“Resentment is drinking poison and waiting for the other person to get sick.”
I don’t know who said this originally. I just know it’s true. Resentment eats you up on the inside. It damages relationships. It puts a filter over everything that you see. It’s like the filters that you put on your pictures: mono, vivid, silver-tone, dramatic cool or noir.
A bad filter can make a picture worse.
A good filter can take a so-so picture and turn it into something far better than the original. Take the picture from yesterday’s post. Add a little “noir” filter with a little more brightness and voilà! a better picture!
My problem? I don’t always know how to change the filter. Sometimes it’s rather easy. Forgive and move on. Sometimes you can’t do it so fast. It eats at you and starts to wear you down. It can make us see every fault, every fallacy, and every action as a deliberate attempt to hurt us. Resentment can ruin us.

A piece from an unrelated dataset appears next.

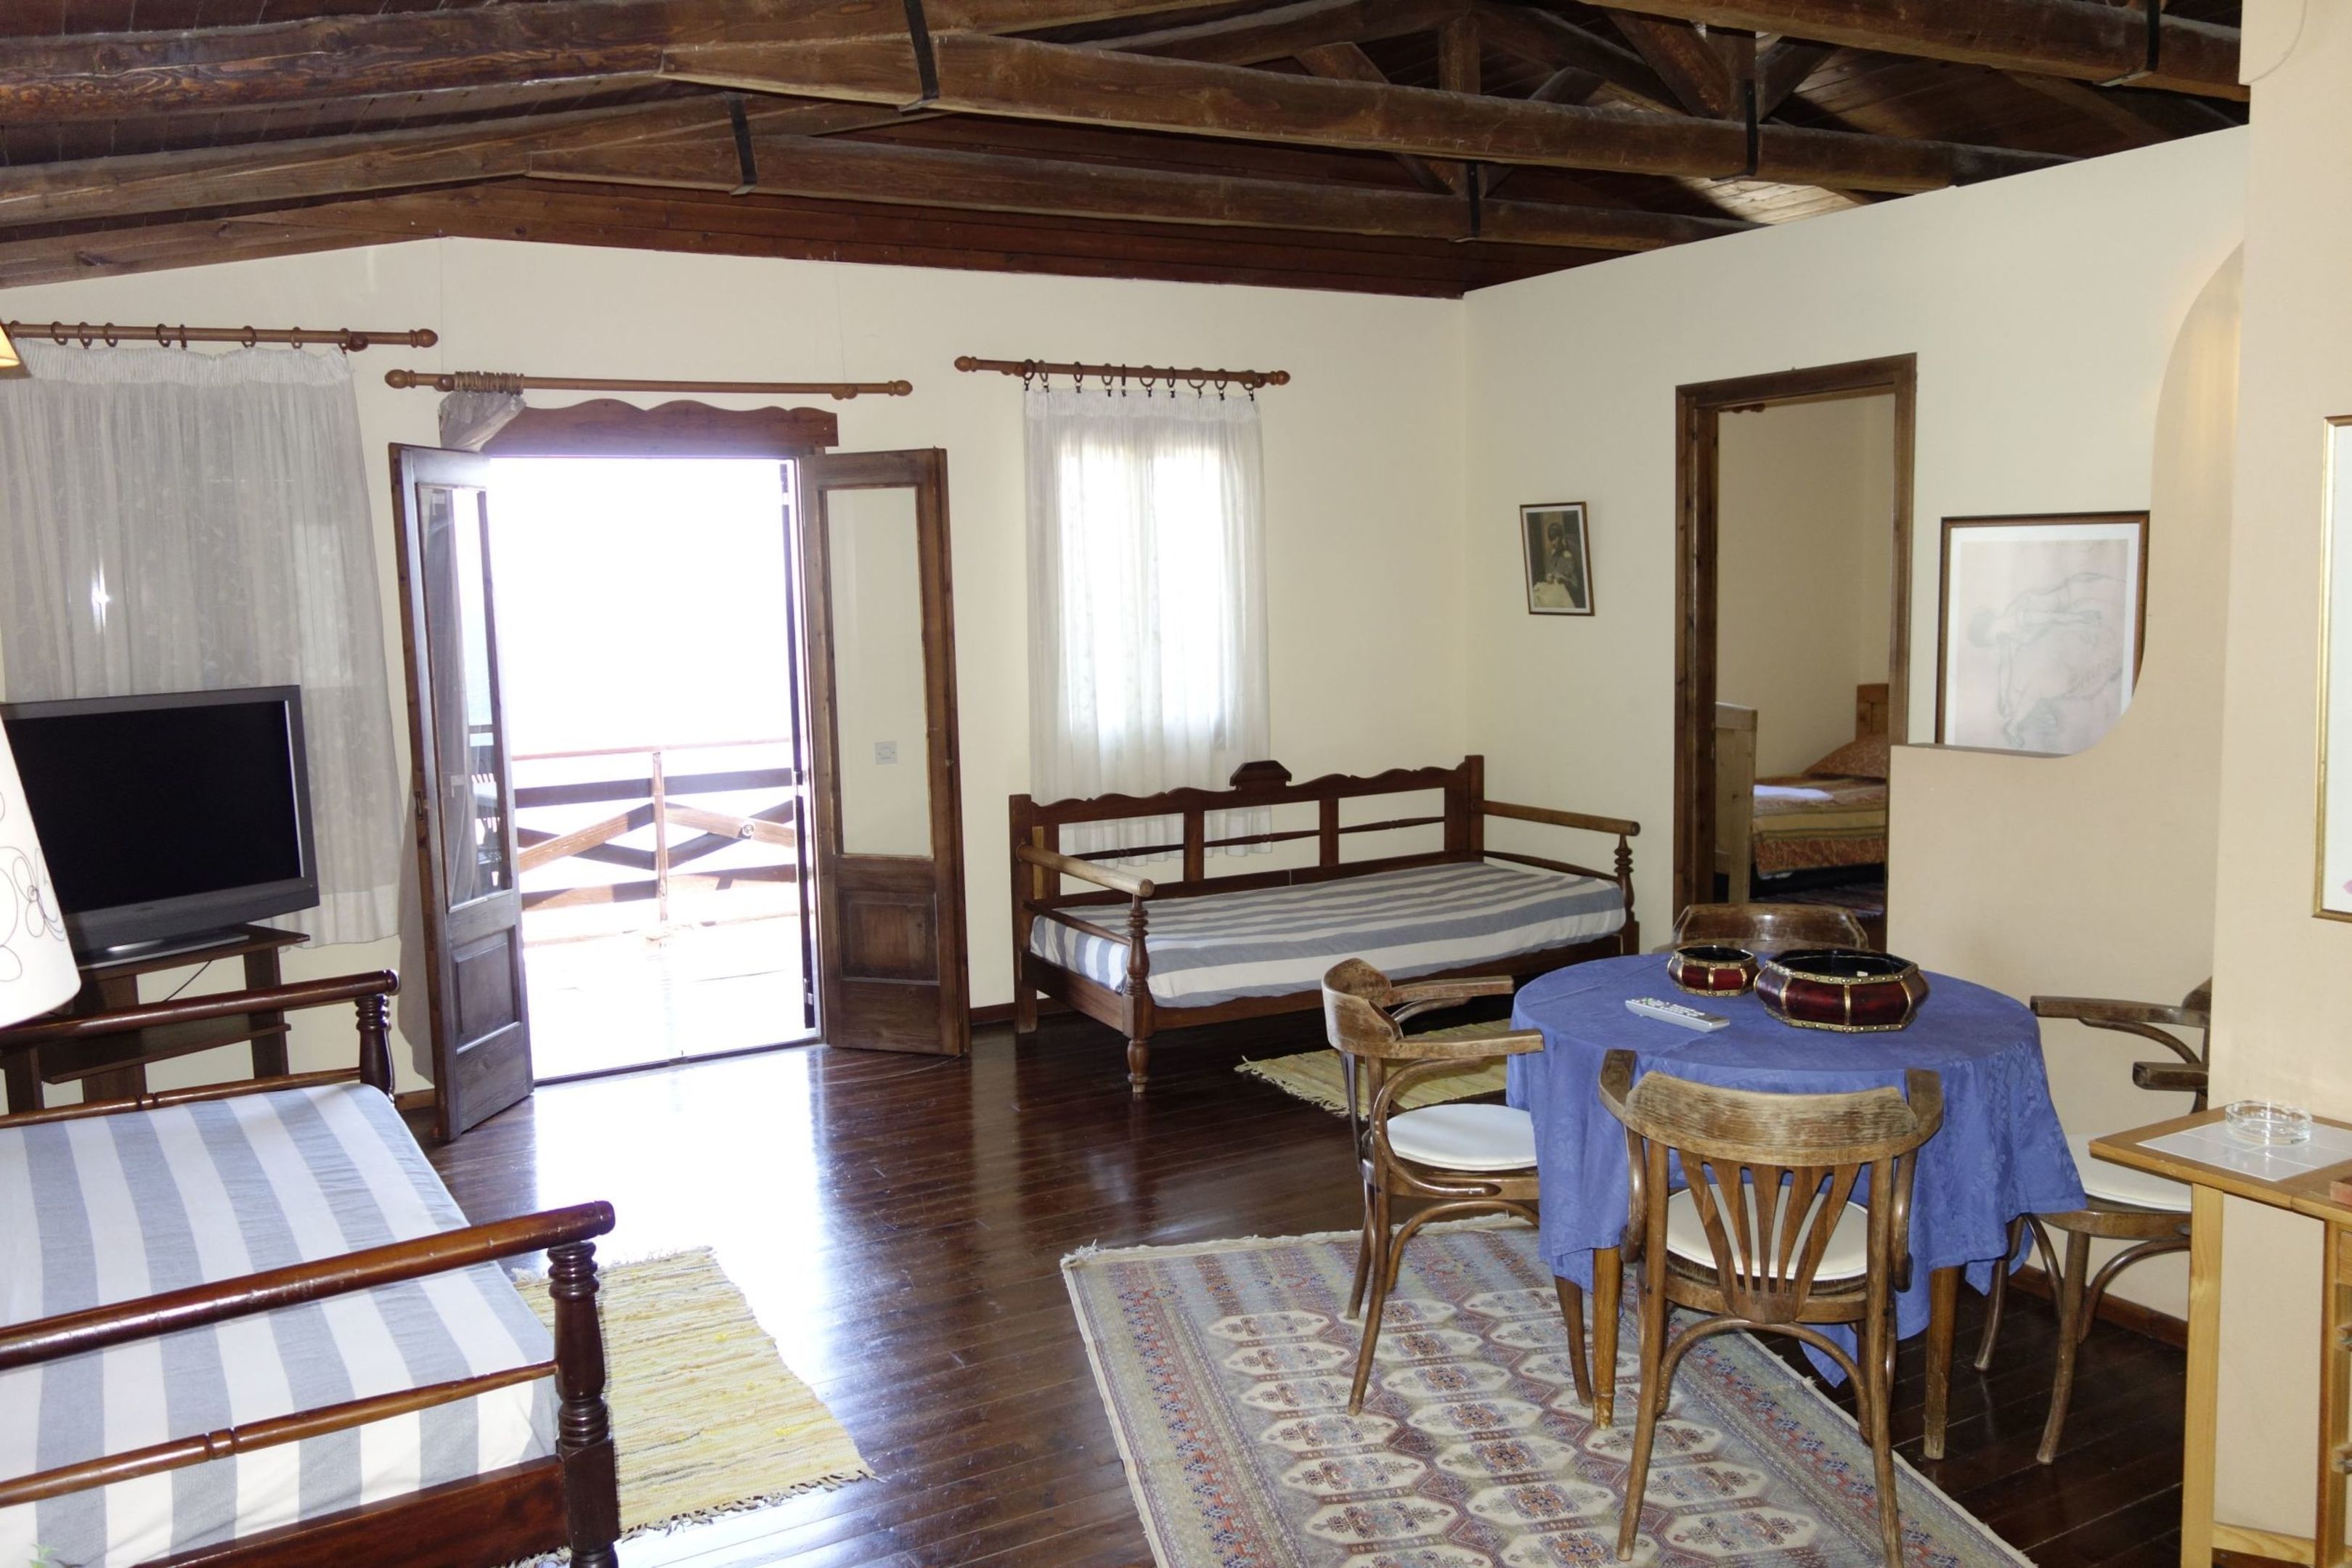 Cretan Village Hotel

Henri Nouwen wrote in his book on spiritual formation: “When you cling to your complaints, your heart is full of resentment, and there is no room for God to enter and set you free. Resentment curtails the movements of the Spirit and diminishes the kingdom within. It replaces faith, hope and charity with fear, doubt, and rivalry.” *
Maybe we change our filter by seeing with the eyes of Jesus. Maybe it’s every time that I think of _____________ (fill in person, situation, action), I also see the face of Jesus. Maybe our filter needs to be Jesus beside, behind, in front of ________________.
Maybe everything we see needs to be in the filter of “grace and forgiveness of God”.

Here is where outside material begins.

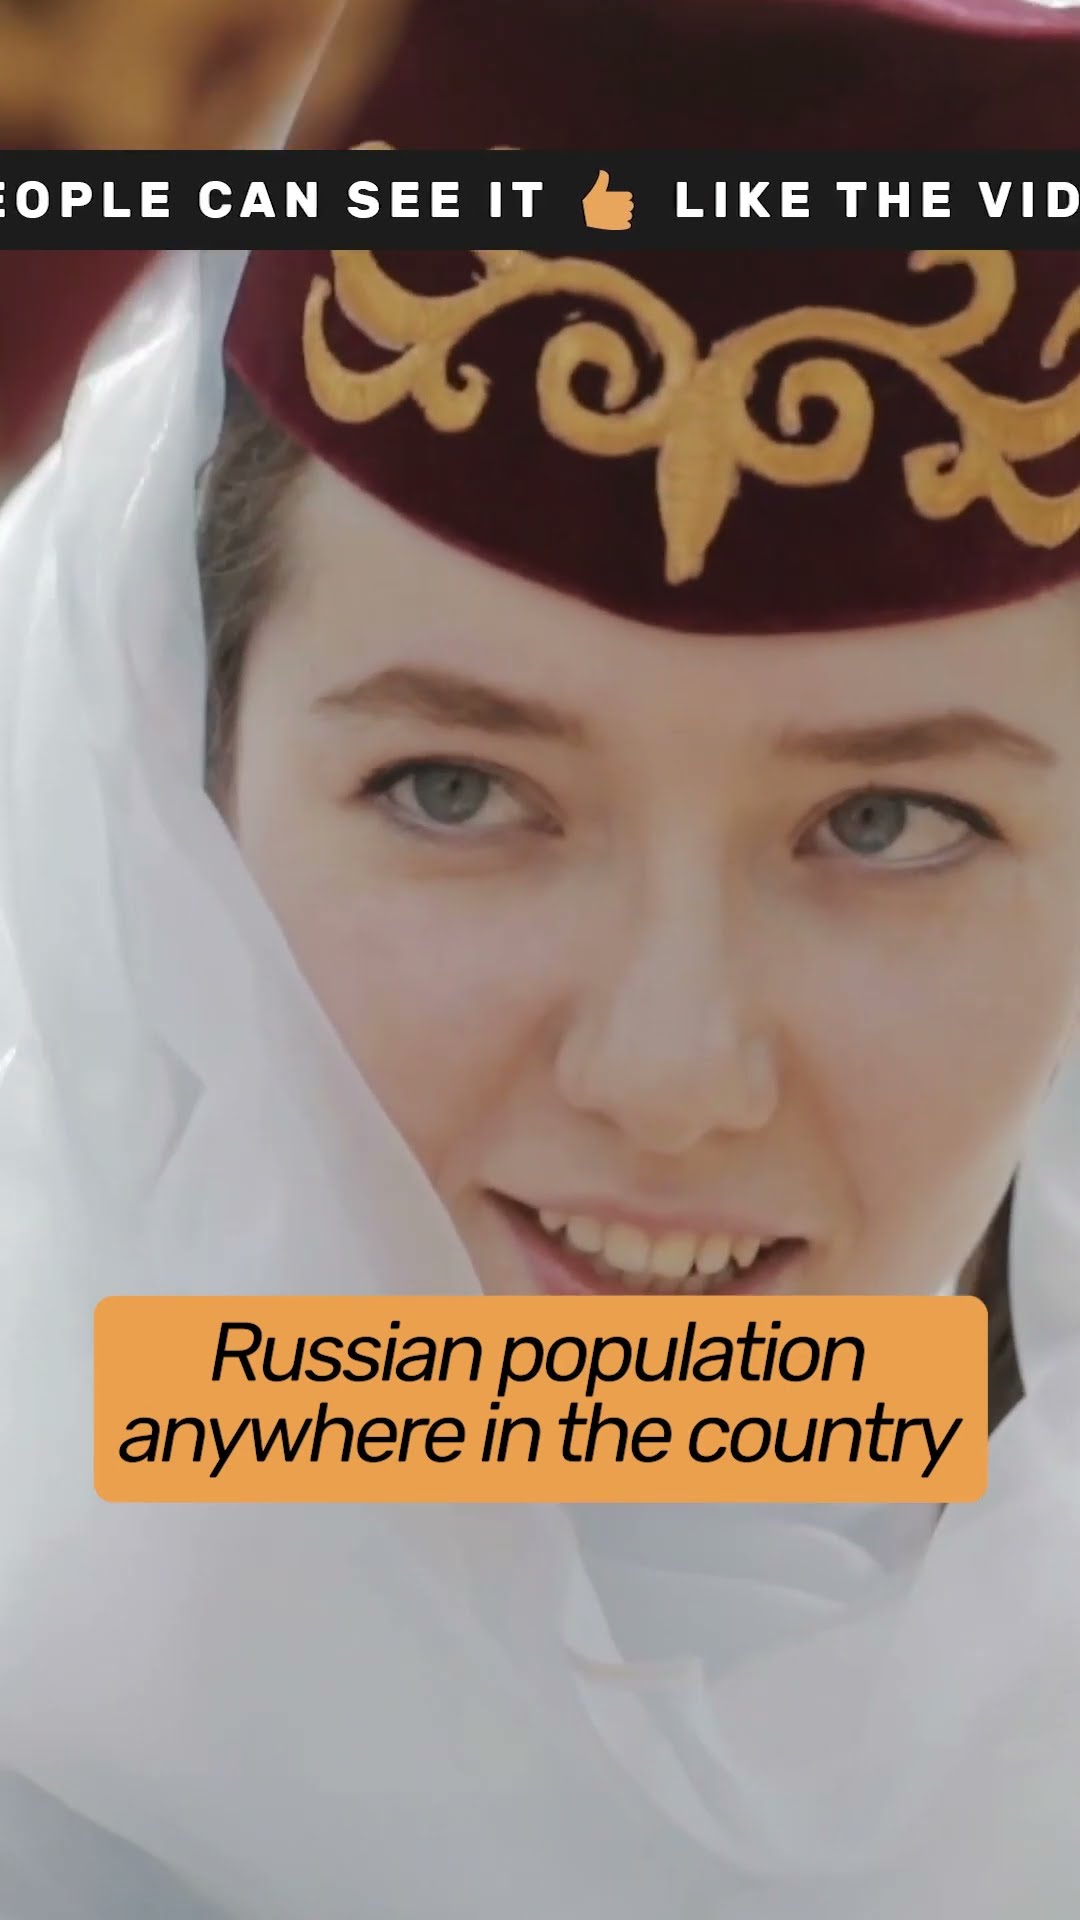 Ingushetia, the smallest region of Russia #americaninrussia

It might be hard to change the filter all at once – forever. Maybe it’s every day to change the filter just a little more in the light of the grace of God.
I may not be able to change _______________ (fill in the blank) but I can ask God to change me.
Change my filter, O God. Help me see with Your eyes of grace and forgiveness. Amen.
_______________________
* Nouwen, Henri. Spiritual Formation: Following the Movements of the Spirit. Harper One, Henri Nouwen Legacy Trust with Michael J. Christensen and Rebecca J. Laird, 2010, p. 59.